Было жарко. Дамы были в легких платьях и вовсе не казались сломанными побегами. В эфире плавился аромат цветов. Воздух был томен и сладок. Пахло до изнеможения. И с людьми происходило то, что происходит, когда слишком сильно пахнет цветами.
— Селам? Это хорошо. Селам, селям… сераль… Это восторг (восхитился, не стесняясь, неизвестно чем Александр).
— Где она это взяла? Вот живет со старикашкой и читает на сон грядущий всякую чушь! — вспыхнула про себя Анна Вульф. Но и снаружи щеки стали пунцовыми.
— На самом деле они — говорящие? Правда, цветы? Ну, скажите что-нибудь, я слушаю вас!
— Они ведь все обозначают что-то. Цветы, травы… Всяк что-то свое. Лютик — расположение к вам, вербена — чувствительность, гиацинт — игру, лилия — скромность, гвоздика — невинность. А магнолия — не могу сказать при младших. — Она имела в виду Зизи и Алексиса.
— Да. При нем особенно ничего такого нельзя! — сказал весело Александр. — Он слишком невинен.
— Александр! — укорительно остановила Прасковья Александровна.

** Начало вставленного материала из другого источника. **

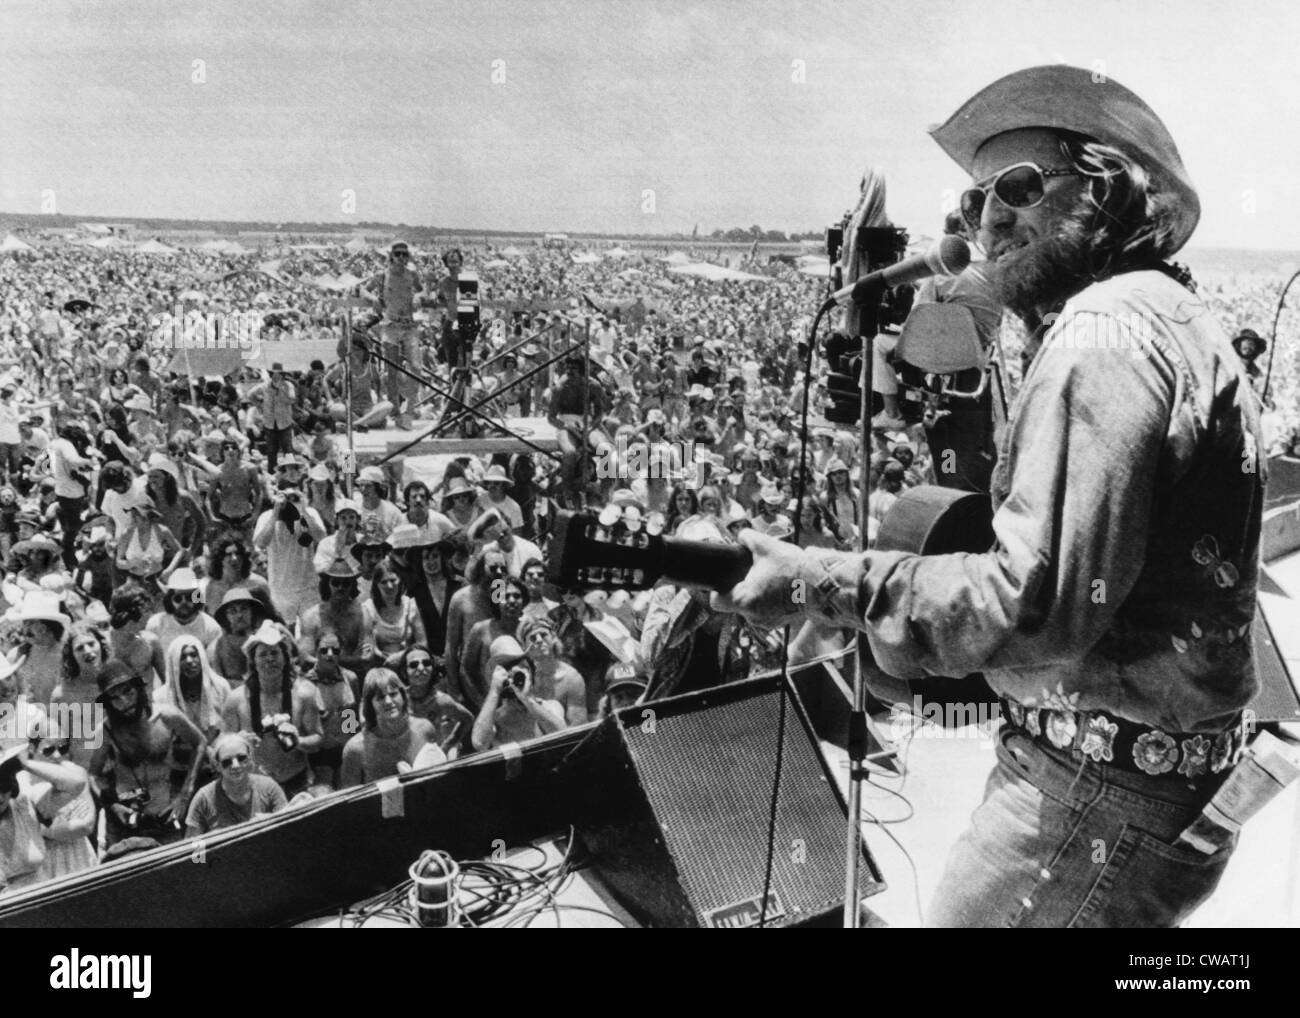 Country rock singer Willie Nelson de l'ouverture du 'Pique-nique' 4 Juillet Fête de la musique, 1974.. Avec la permission de la CSU : Archives / Everett Banque D'Images

— А вы скажите только мне! — Александр наклонился к Анне Керн почти интимно. — Только мне, на ухо! — Но она отстранилась и погрозила ему пальчиком. — Магнолия растет в Крыму, — отважно продемонстрировал свое знание Александр. И тотчас продолжил расспрос: — А жасмин что значит? — памятуя сведения, полученные им от Вульфа. Внешне он являл совершенно необыкновенный интерес. Глаза блестели так, будто здесь впрямь рассказывались вещи, о которых он не слышал и никогда, нигде, ни при каких обстоятельствах услышать не мог. Где ему!
— Жасмин? Смотря какой жасмин. Белый — дружелюбие. Вы нравитесь мне! (Легко улыбнулась Александру.) А желтый — элегантность, грациозность. Только… вы не найдете двух книг по языку цветов — или двух систем, где все бы трактовалось одинаково. Жасмин, как у кого: бывает — и нежность, и влюбленность… Не понимаю, — сказала она вдруг Анне Вульф. — Разве нам с тобой не рассказывали этого? М-ль Бенуа?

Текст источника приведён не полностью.